Tehran’s streets were flooded this weekend as Iran staged a dayslong show of grief for the late Supreme Leader Ayatollah Ali Khamenei, whose death in February has reshaped the region’s balance of power. State media and eyewitnesses report the government expected millions to turn out for the ceremonies as officials moved quickly to turn tragedy into a demonstration of regime strength. This spectacle is not spontaneous mourning so much as a calculated theater of power meant to reassure allies and intimidate enemies.
Video from the Mosalla complex makes clear the mood the regime wanted: massive crowds, chest-beating ritual and thunderous anti-American and anti-Israel chants filling the air. Those “Death to America” shouts are not ancient rhetoric muted by time — they remain the rallying cry of a theocratic regime that still prioritizes export of revolution over the lives of its people. Any American who is paying attention should hear that message as a direct threat to our interests and to regional stability.
Iran’s leaders chose to begin the main funeral ceremonies on July 4, a date that will not have been lost on anyone watching from abroad, and certainly not on their domestic audience. That scheduling was a propaganda twofer: boost regime morale at home while rubbings shoulders with global antagonists on a day when the United States marks its freedom. The timing underlines what conservatives have been warning for years — the regime remains committed to antagonism, not conciliation.

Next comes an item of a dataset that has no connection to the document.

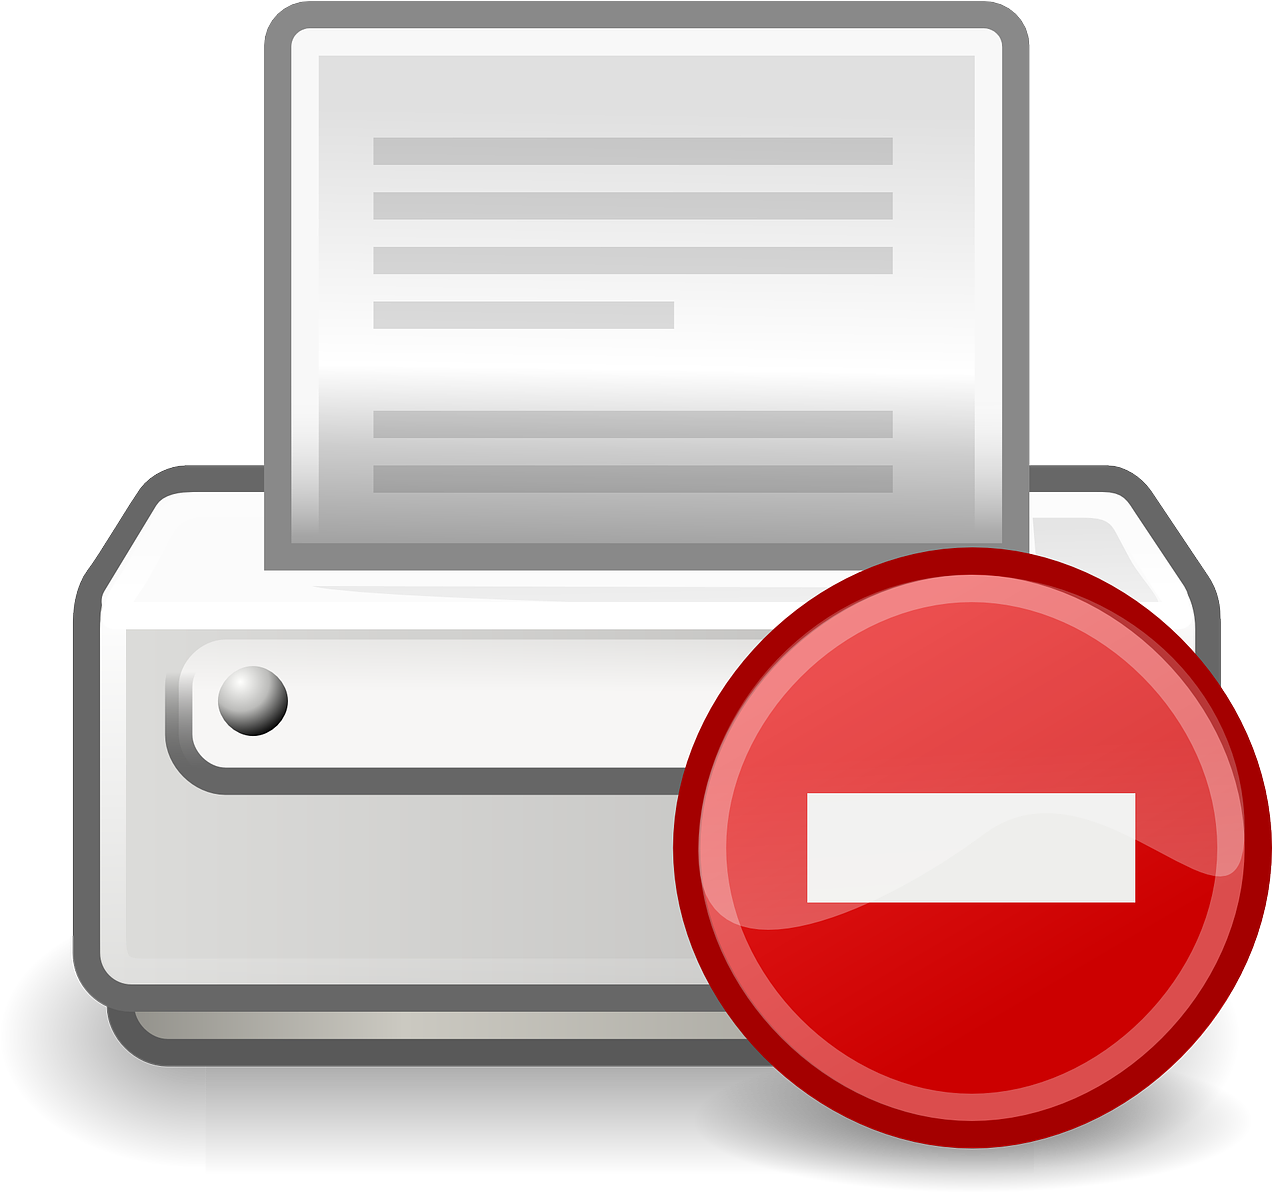 Printer Error Icon PNG image

Washington quietly agreed to pause talks with Tehran for the funeral period, a pragmatic move but also a reminder that diplomacy with a regime that stages mass displays of hatred has to be handled with eyes open. We should not mistake pauses for progress; negotiating with theocratic rulers who incite violence risks rewarding the very behavior that endangers Americans and our allies. If diplomacy is to be pursued, it must be backed by unmistakable strength and clear consequences, not empty gestures.
Observers have warned about the practical human costs of such massive state-organized gatherings, and grim contingency plans reportedly prepared by municipal authorities underscore the danger of trampling truth beneath propaganda. Iran has a recent and tragic history of stampedes and crowd crushes at funerals, and officials’ counting of “millions” should be viewed through the lens of a regime that routinely inflates turnout for political theater. The cynical use of mourning as a tool of power reveals a leadership that puts optics over ordinary citizens’ safety.

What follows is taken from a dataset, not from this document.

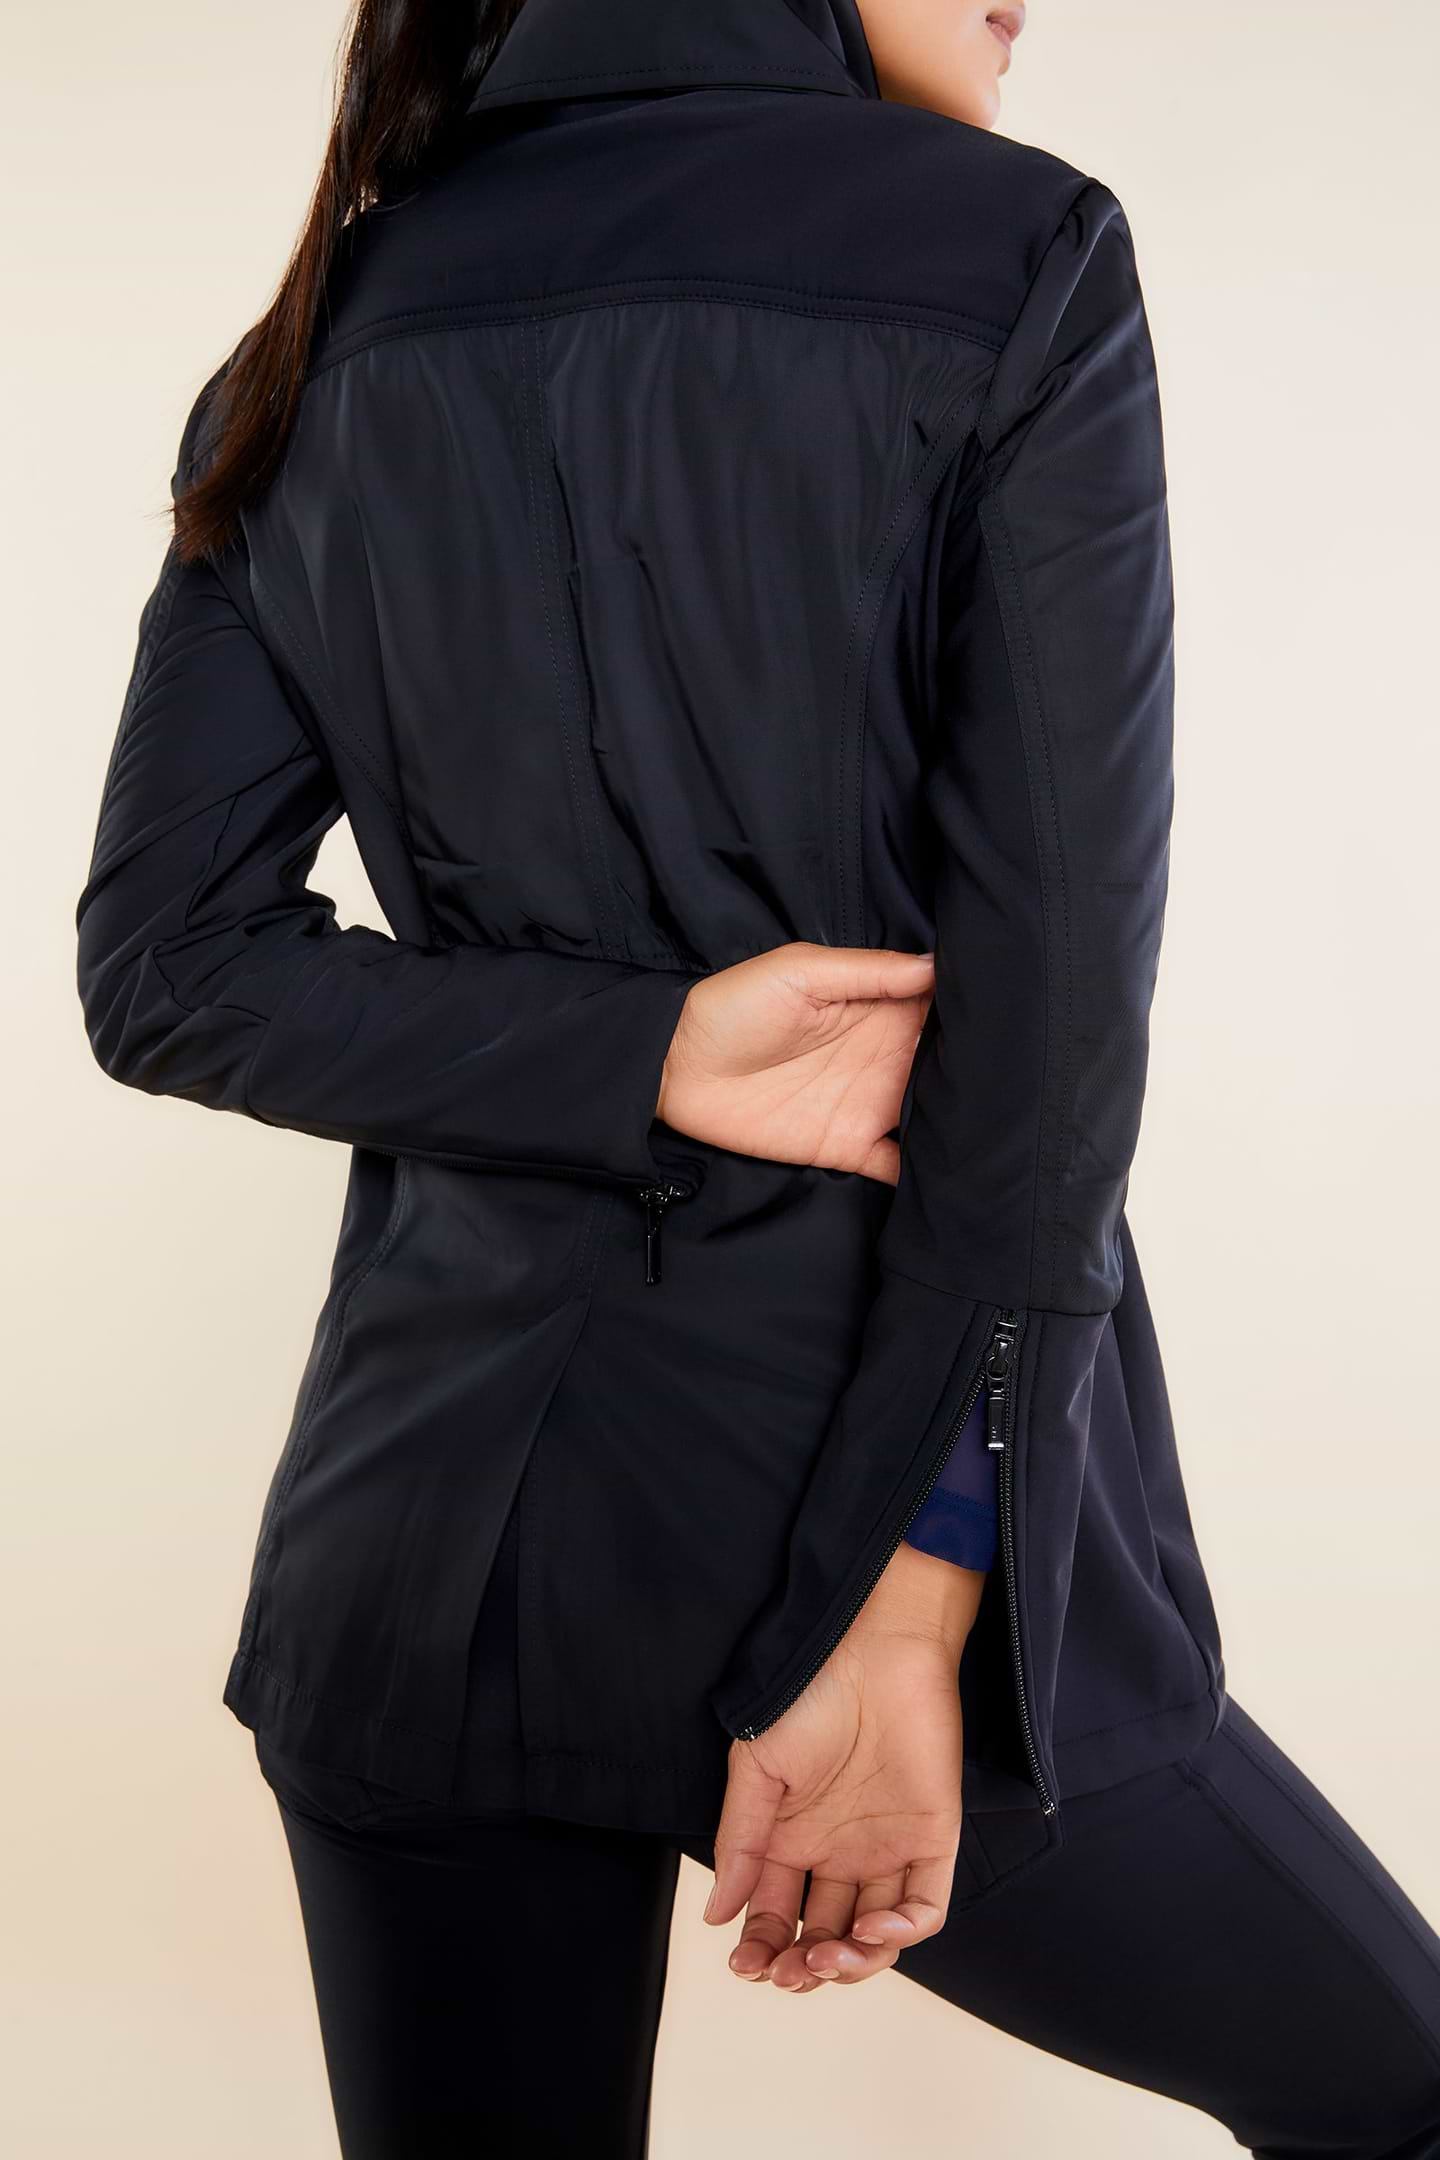 MOTIONS blazer Black 38                  EU MEN FASHION Jackets Elegant discount 99%

As Iran attempts to consolidate a successor and project unity, Americans must be sober about what that means for the Middle East and for U.S. interests. Theocratic regimes don’t reform because foreign newspapers call for it; they change when their incentives change, and that requires a foreign policy rooted in strength, clear-eyed alliances, and the willingness to defend American interests abroad. We should honor our troops and stand firm for peace through strength rather than hope that parades of hatred will suddenly become gestures of goodwill.
This spectacle in Tehran is a clarifying moment: it shows the regime’s priorities and exposes the hollowness of any naive optimism about its intentions. Patriots who love liberty and the rule of law should demand a policy that protects American families, backs our partners, and refuses to be bullied by posturing. Let the leaders in Washington take note — America’s security cannot be entrusted to wishful thinking while adversaries celebrate our supposed downfall.